Coconut cream curry is a luscious, comforting dish that perfectly blends creamy coconut milk with fragrant spices and fresh vegetables. Ideal for vegetarians and anyone craving a rich, satisfying meal, coconut cream curries are endlessly adaptable and packed with flavor.
The natural sweetness of the coconut cream balances the warm, earthy spices, creating a dish that is both nourishing and indulgent. Whether you’re a seasoned curry lover or new to vegetarian cooking, these recipes offer a delightful way to enjoy plant-based meals that are hearty and wholesome.
In this post, we’ll explore several delicious vegetarian coconut cream curry recipes that you can easily prepare at home.
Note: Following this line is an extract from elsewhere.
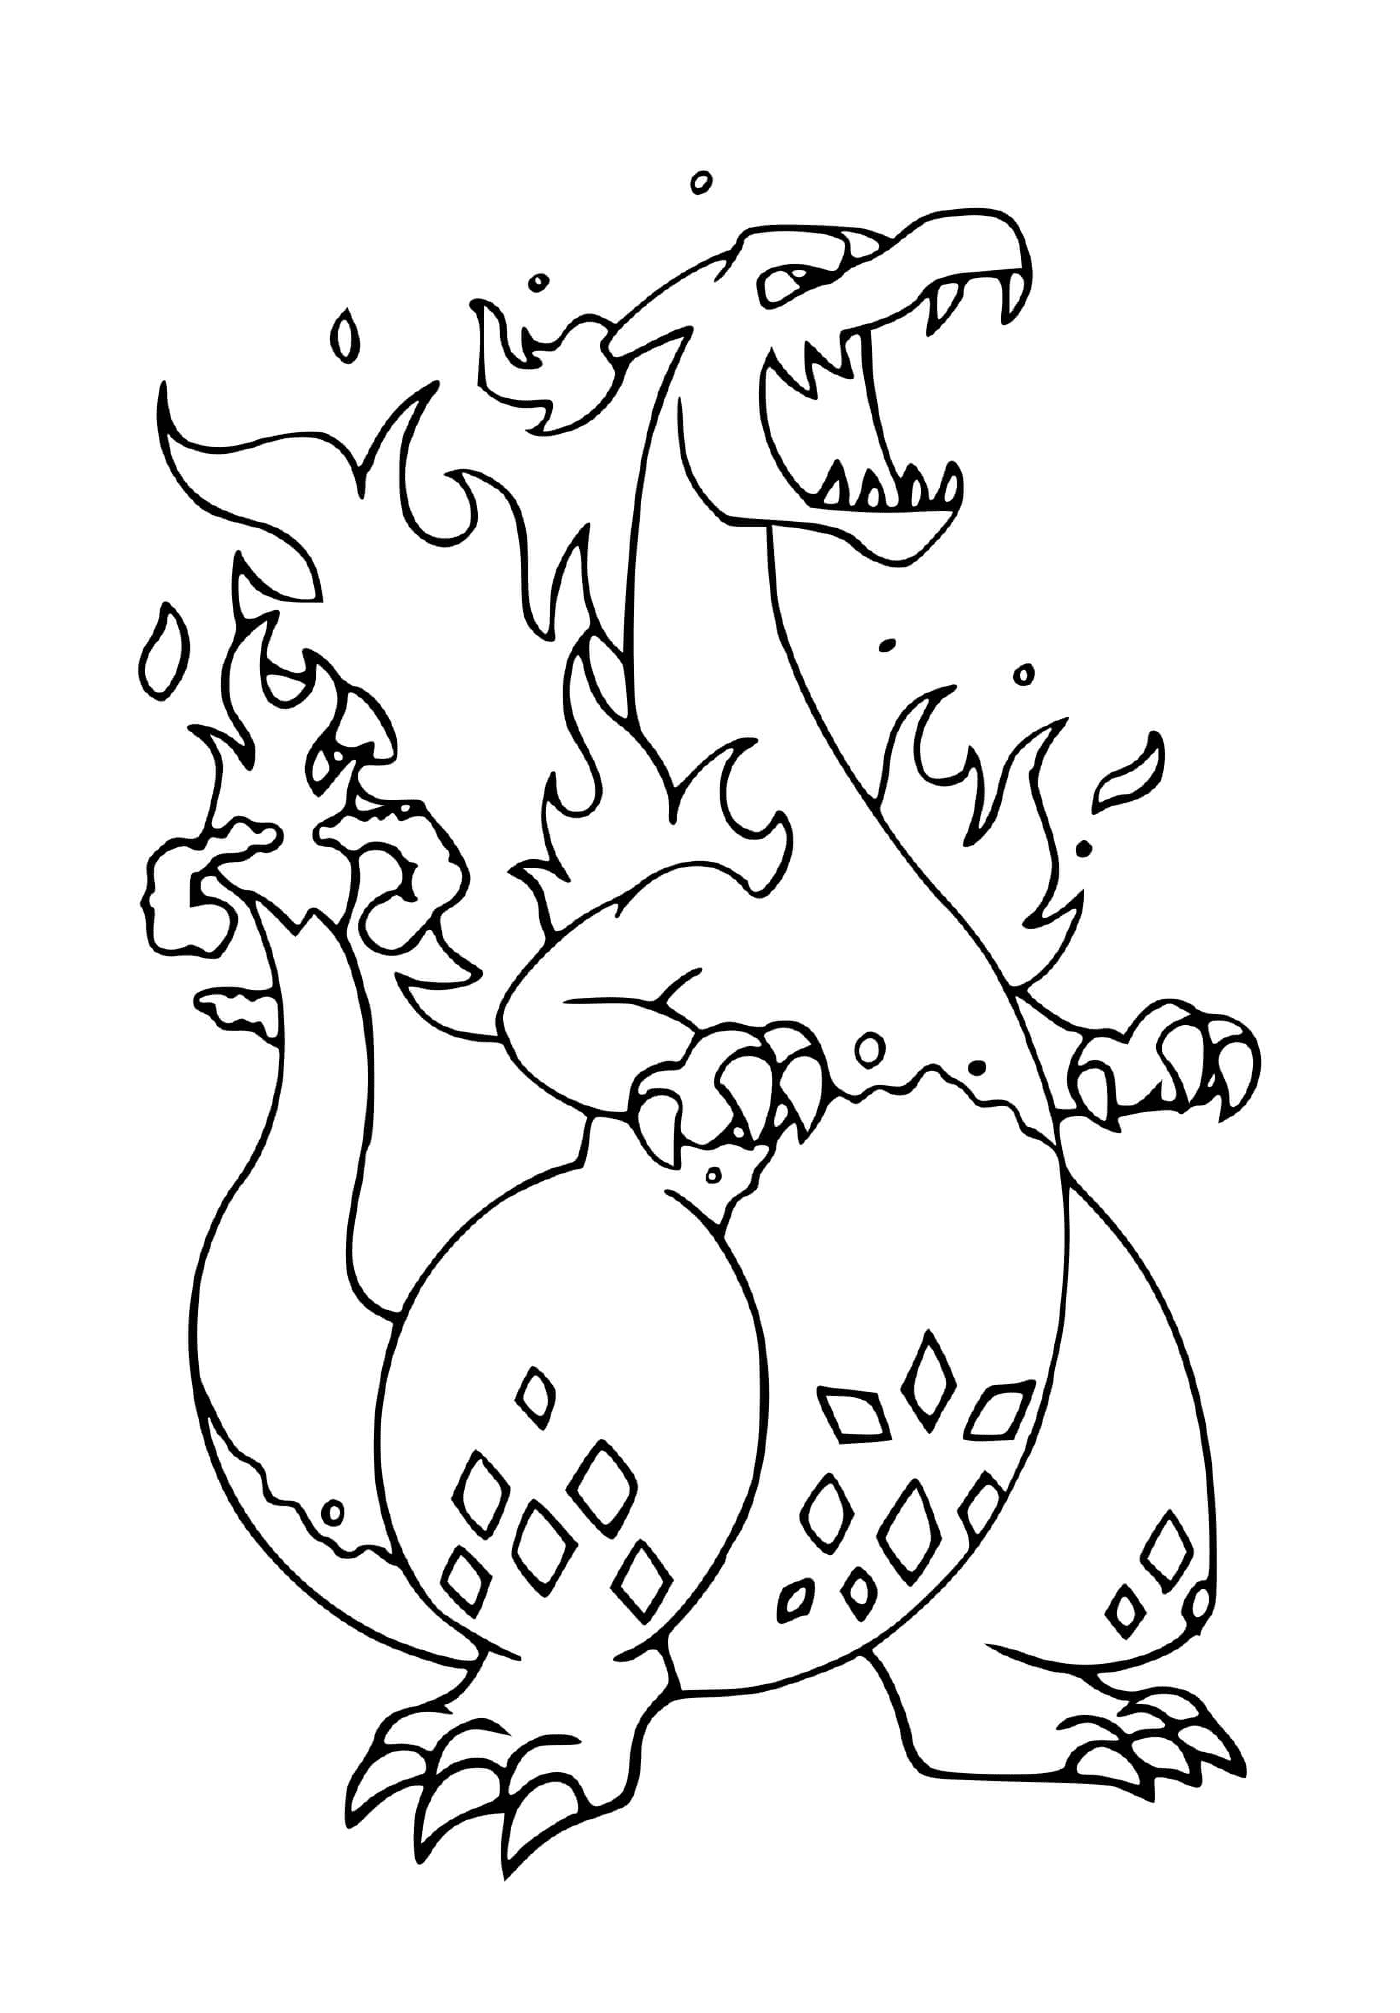  Pokémon fuego con llamas

From a classic vegetable curry to a more exotic Thai-inspired version, each recipe is designed to highlight the creamy texture and delicate flavor of coconut cream.
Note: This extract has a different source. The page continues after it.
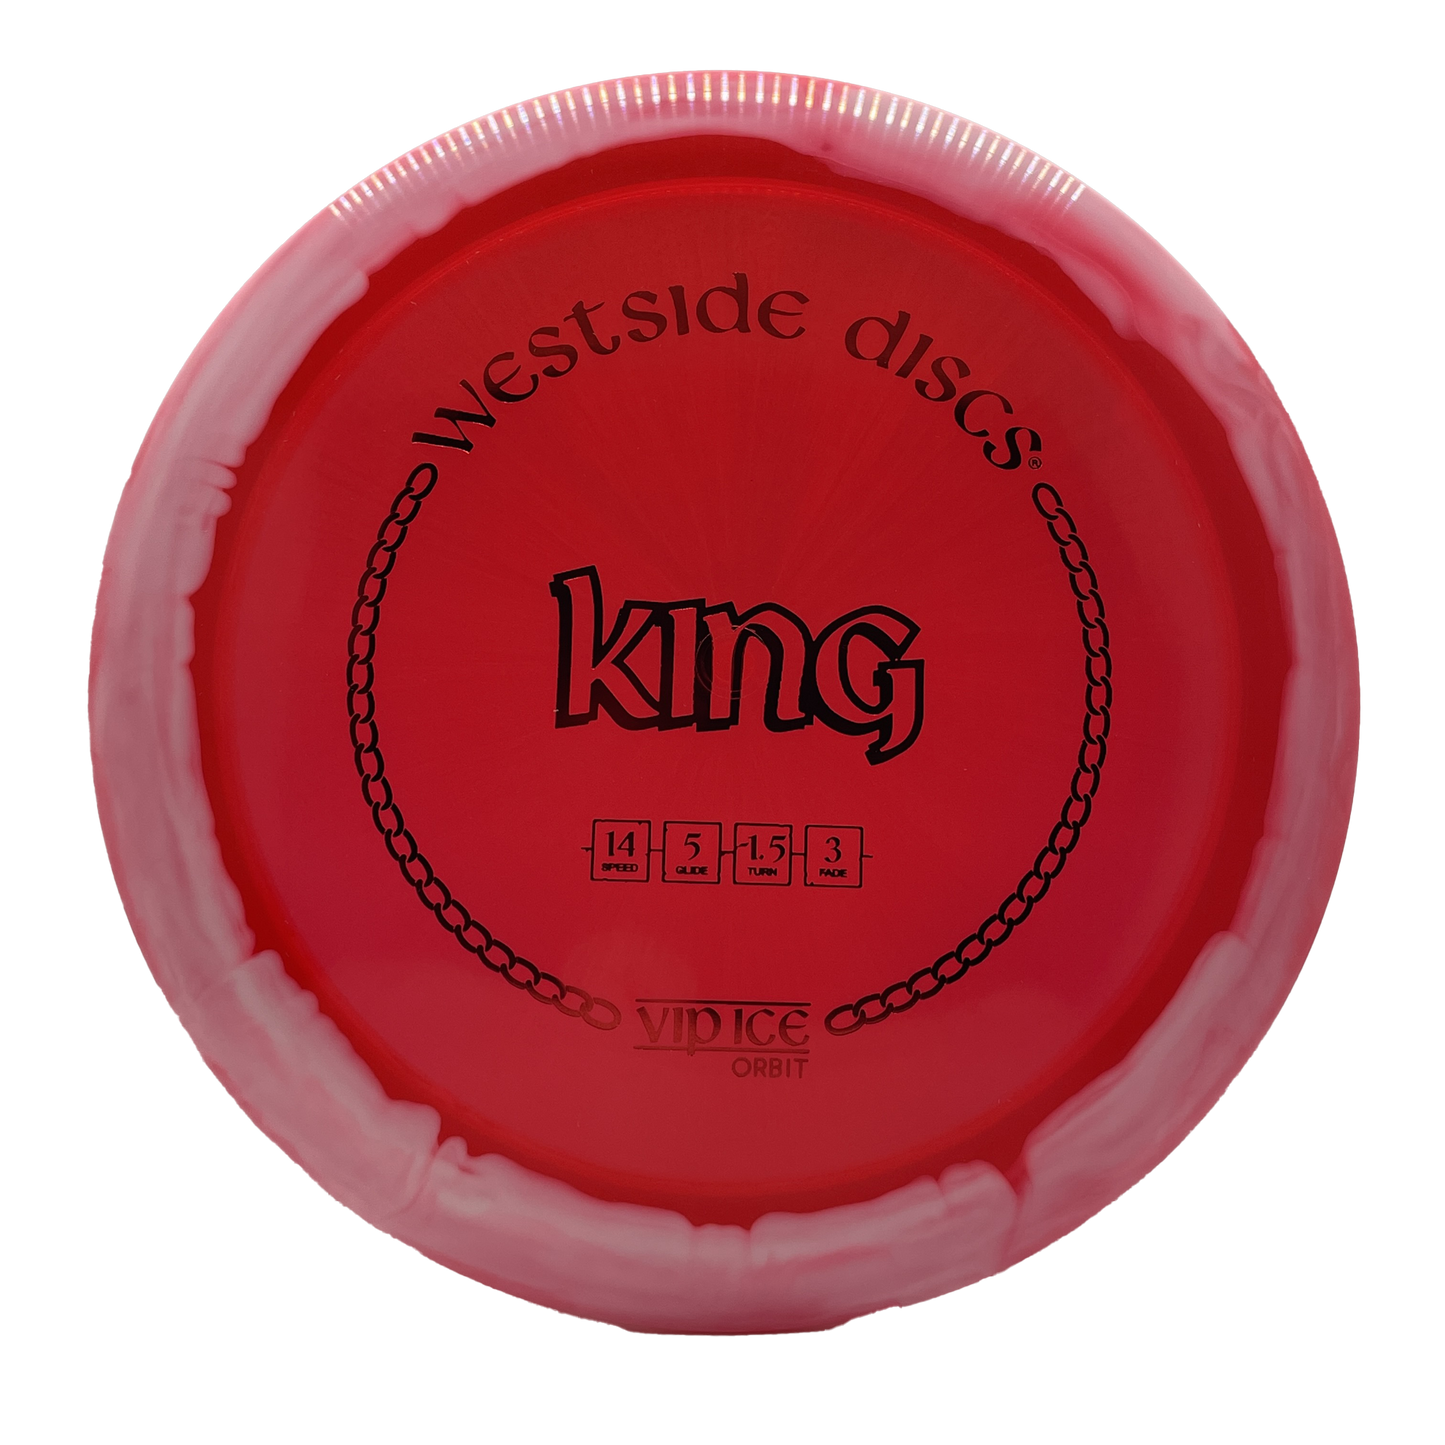 Westside Discs VIP Ice Orbit King - Distance Driver

Plus, I’ll share tips on ingredient substitutions, cooking techniques, and serving suggestions to elevate your curry game.
Why You’ll Love This Recipe
These coconut cream curry recipes are perfect for anyone looking for:
- Rich, creamy flavors without the heaviness of dairy
- Vegetarian and vegan-friendly options packed with nutrients
- Simple, wholesome ingredients that you can find easily at any grocery store
- Versatility – customize with your favorite veggies and proteins
- Comfort food that’s warming and satisfying year-round
Plus, these recipes come together quickly, making them perfect for busy weeknights or meal prepping for the week ahead.
Ingredients
- 2 tablespoons coconut oil or vegetable oil
- 1 large onion, finely chopped
- 3 cloves garlic, minced
- 1-inch piece fresh ginger, grated
- 2-3 tablespoons curry powder or curry paste of choice
- 1 teaspoon ground turmeric
- 1 teaspoon cumin
- 1 can (14 oz) coconut cream or full-fat coconut milk
- 2 cups mixed vegetables (e.g., bell peppers, carrots, green beans, cauliflower)
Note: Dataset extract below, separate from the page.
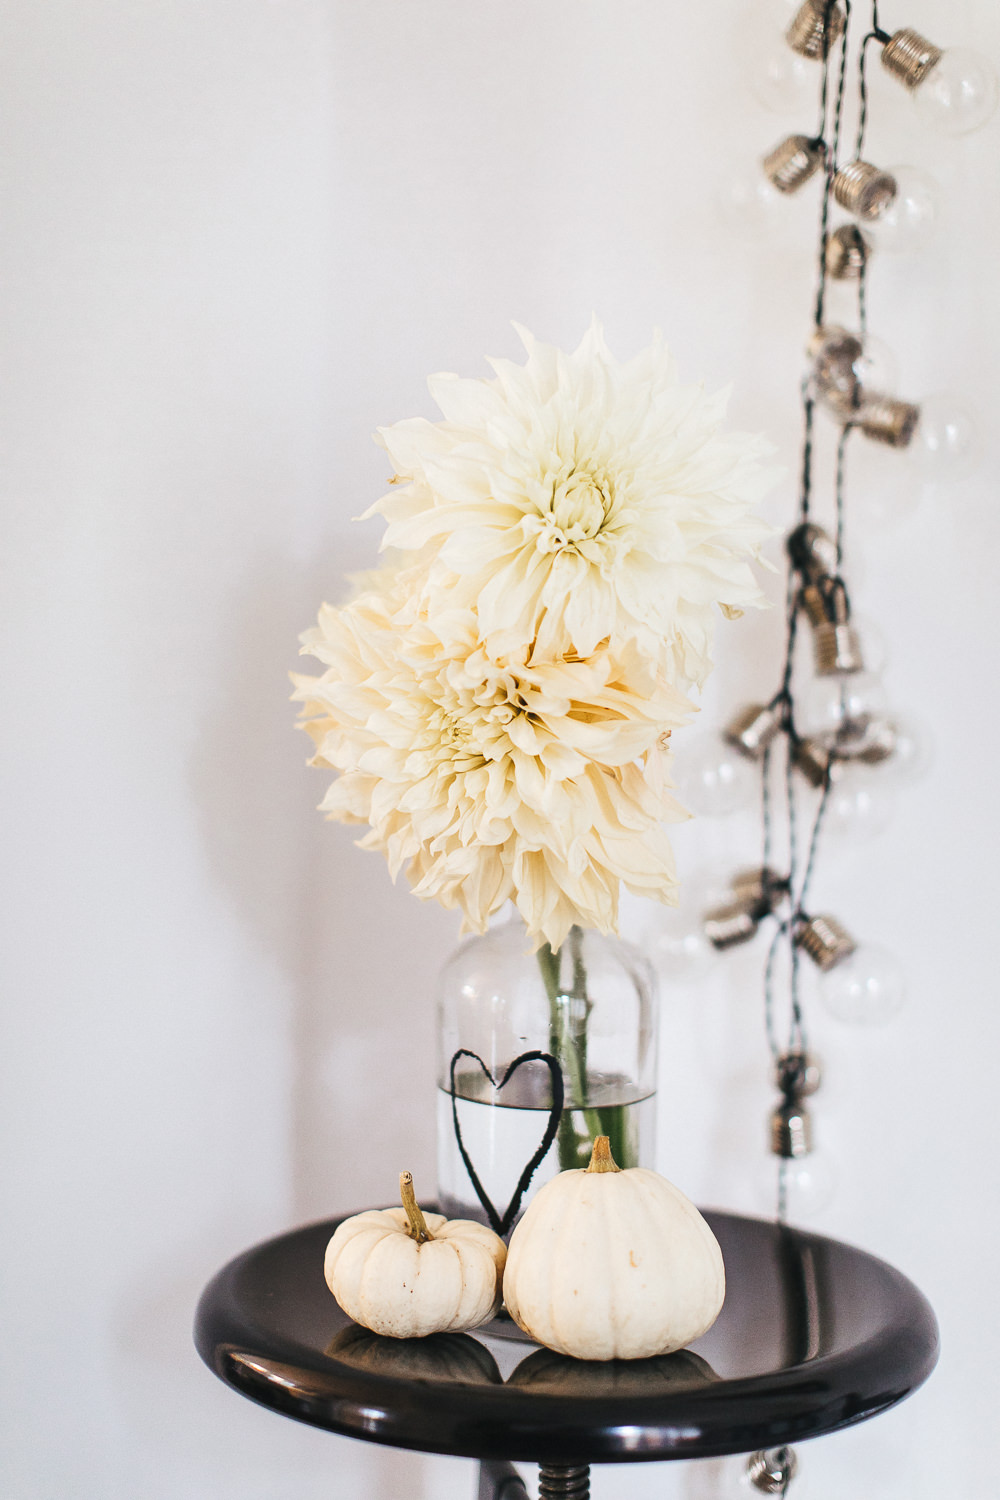 White dahlias in bottle vase

- 1 can (15 oz) chickpeas, drained and rinsed
- 1 medium potato, peeled and cubed (optional)
- 1 cup vegetable broth
- Salt and pepper to taste
- Fresh cilantro, chopped for garnish
- 1 lime, cut into wedges (for serving)
Equipment
- Large deep skillet or saucepan
- Wooden spoon or silicone spatula
- Cutting board and sharp knife
- Measuring spoons and cups
- Grater (for ginger)
- Can opener
- Serving bowls and utensils
Instructions
- Heat the coconut oil in a large skillet over medium heat. Once melted, add the chopped onion and sauté for about 5 minutes until soft and translucent.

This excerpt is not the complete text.